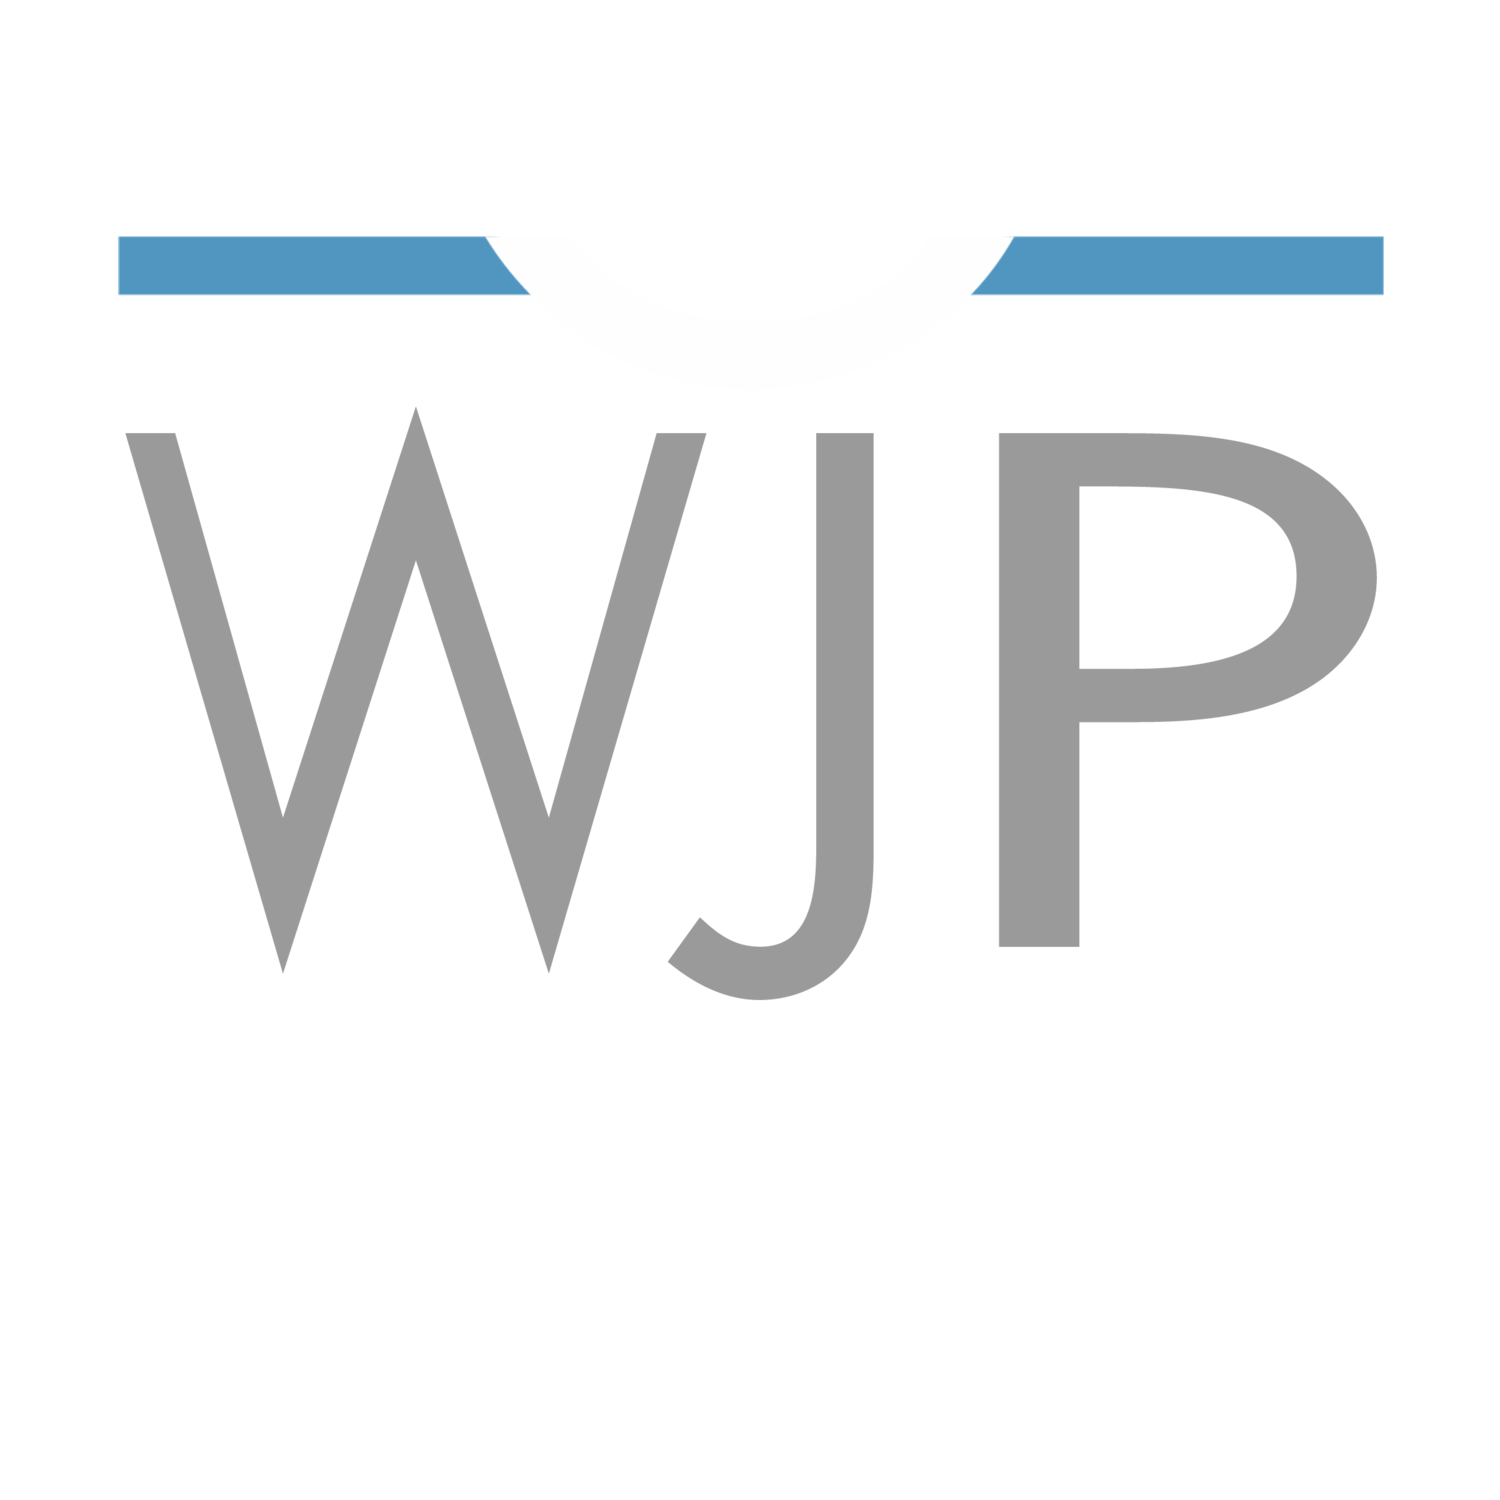 William James Photography
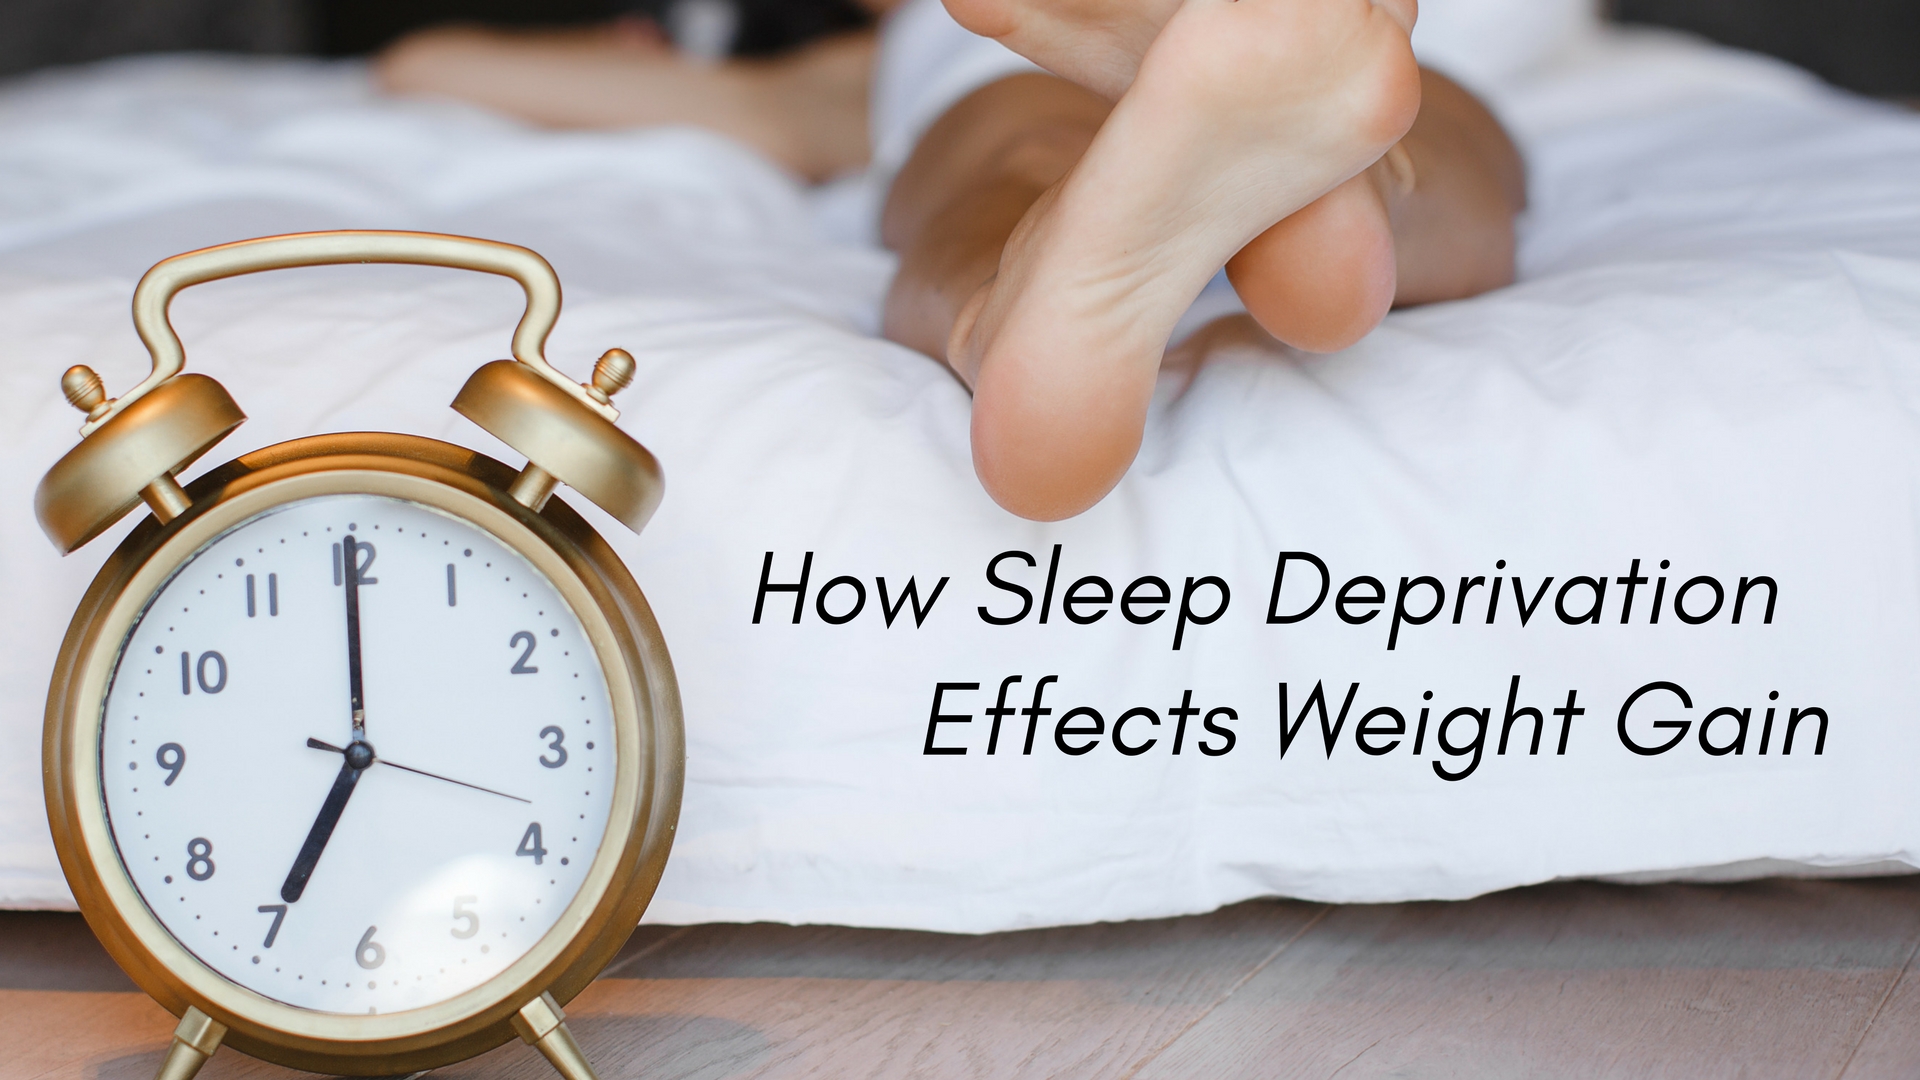 How Sleep Deprivation Affects Weight Gain
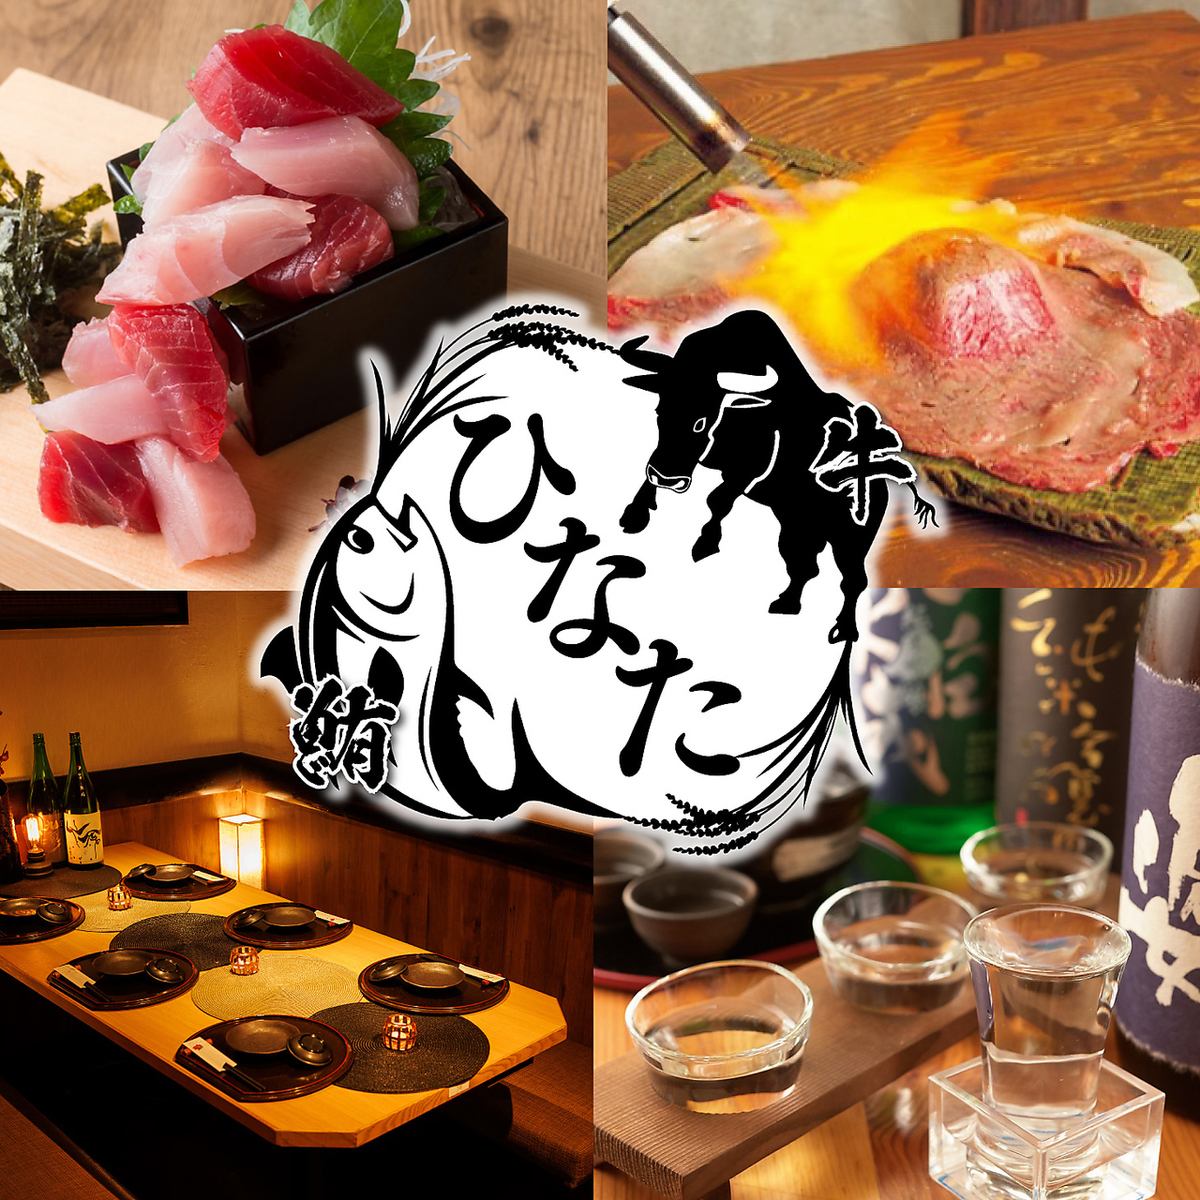 ■Bluefin tuna x Wagyu beef Hinata ■Banquet/entertainment/Online reservation 24 hours
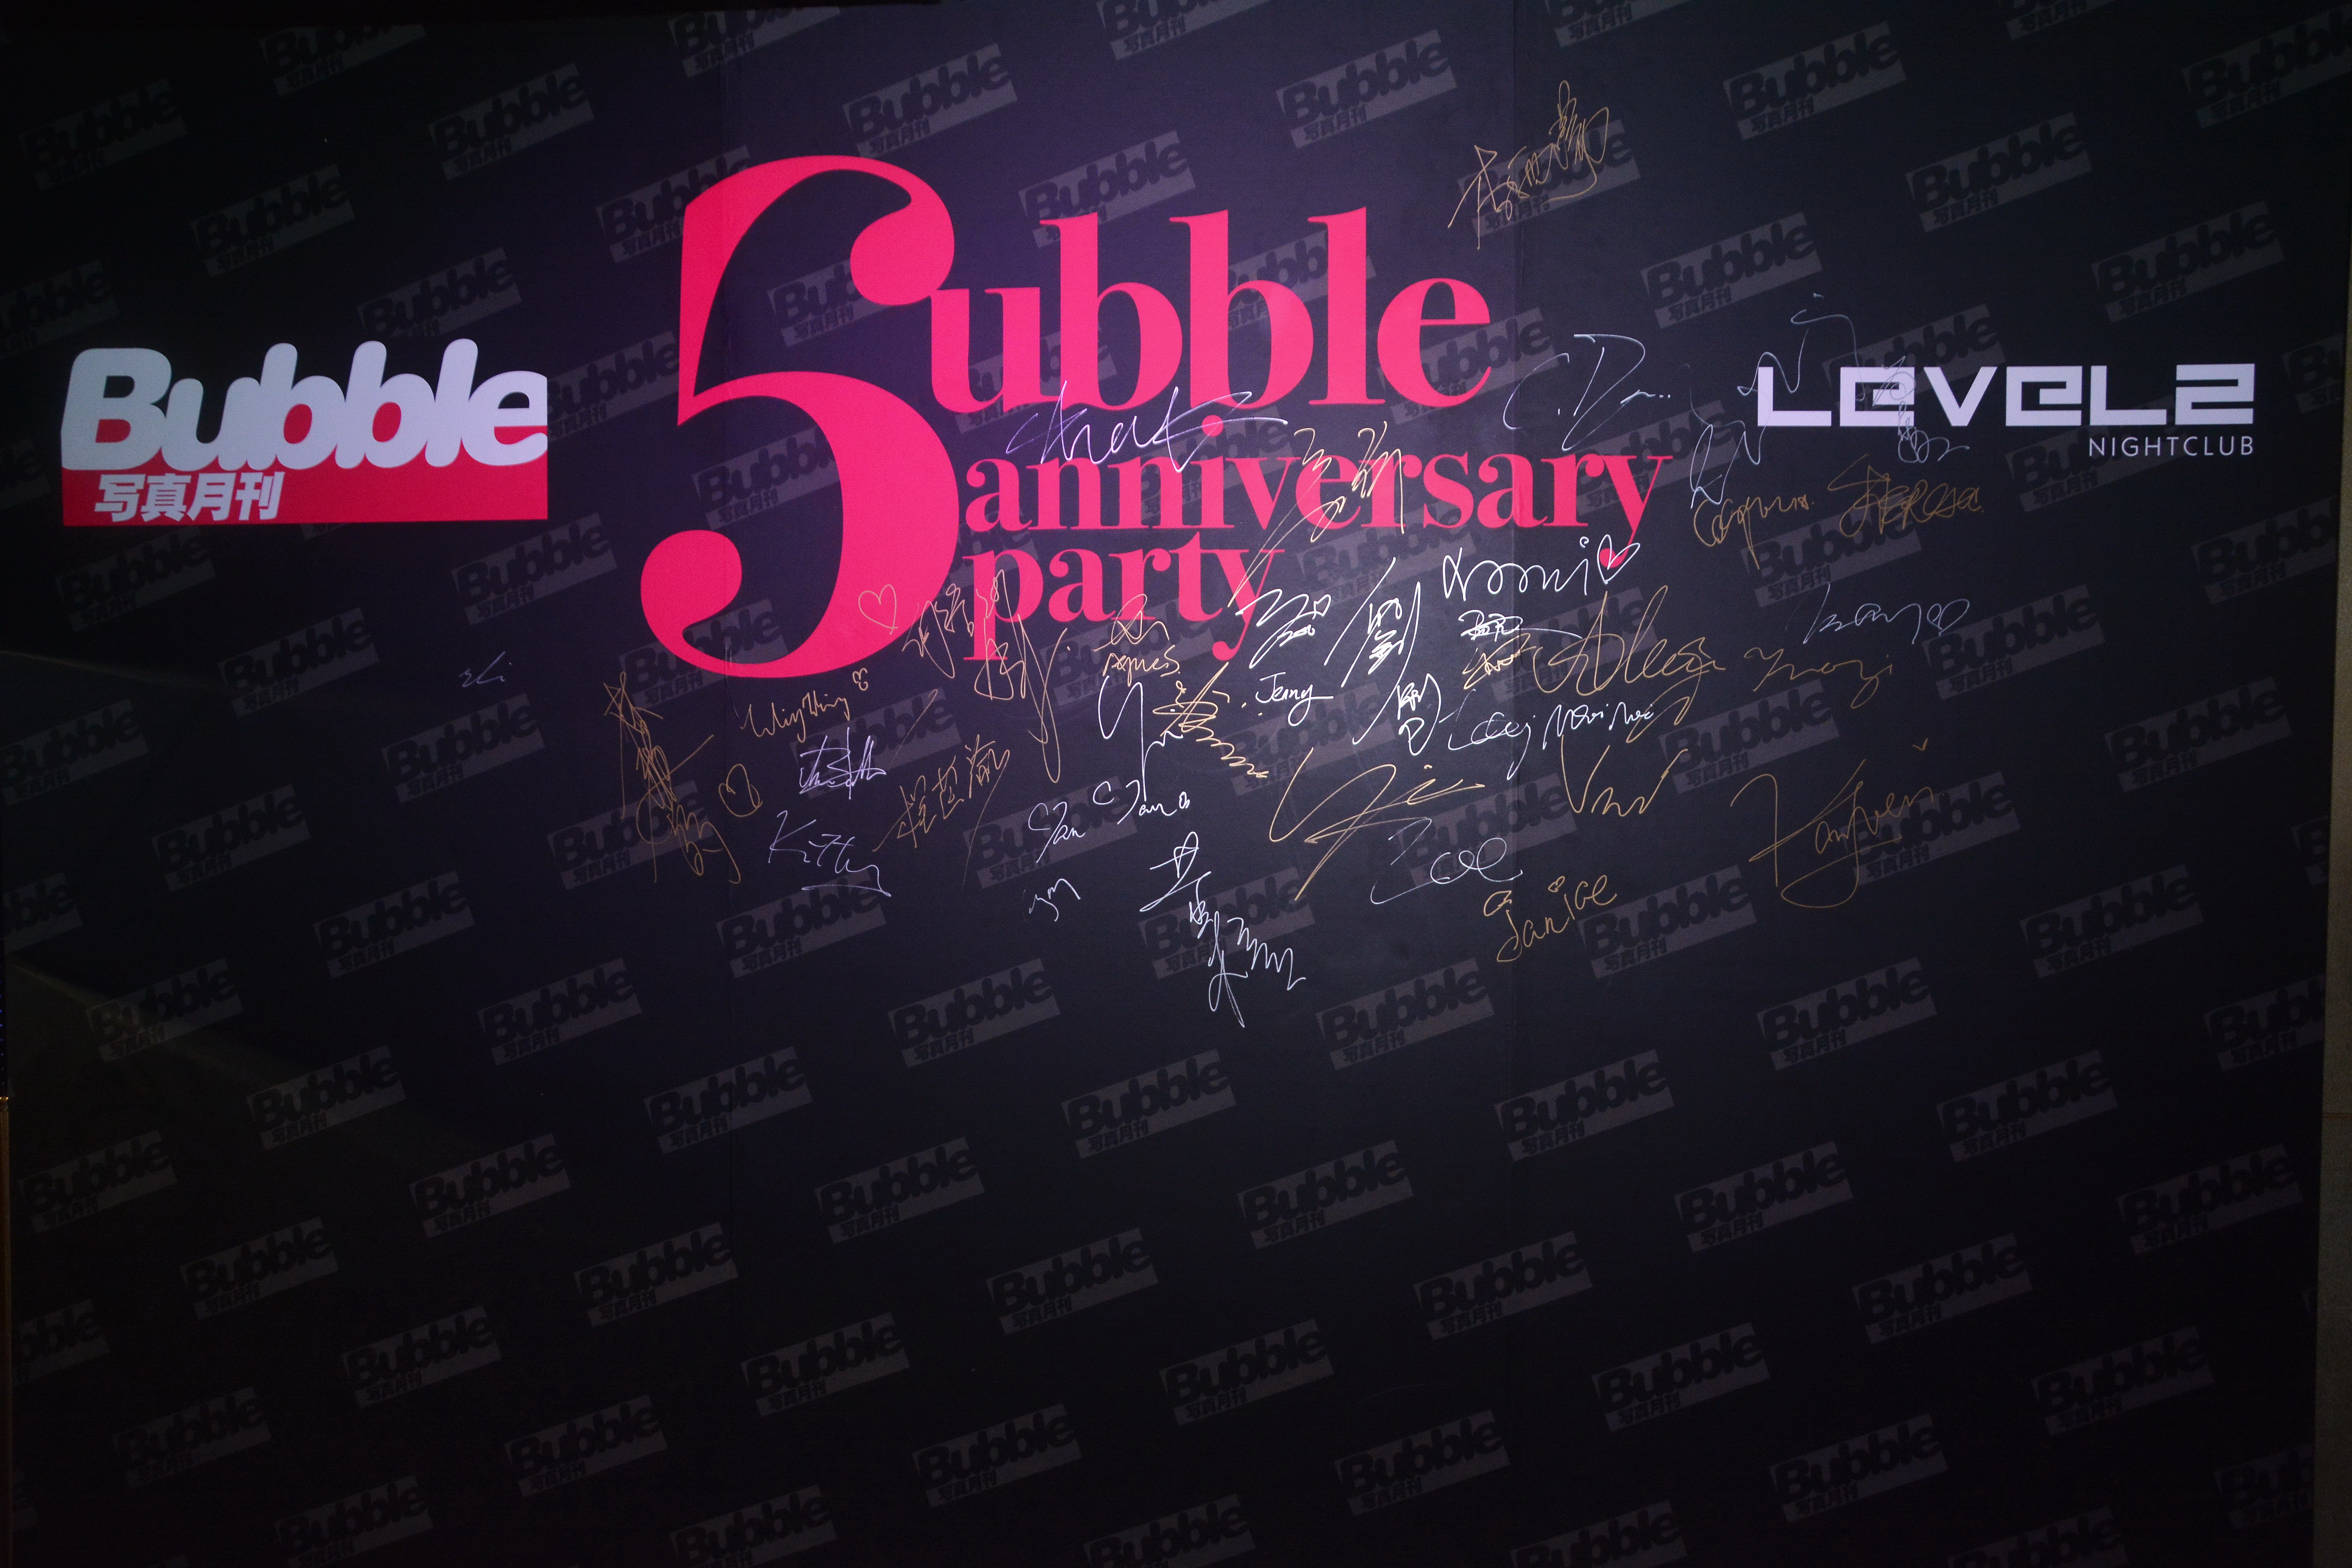 Chris Chan攝影師工作紀錄: Bubble寫真月刊5周年慶祝派對

**Work instruction**
Give back all of the material exactly, though without the images it contains.

**Problem solution**
 William James Photography
 How Sleep Deprivation Affects Weight Gain
 ■Bluefin tuna x Wagyu beef Hinata ■Banquet/entertainment/Online reservation 24 hours
 Chris Chan攝影師工作紀錄: Bubble寫真月刊5周年慶祝派對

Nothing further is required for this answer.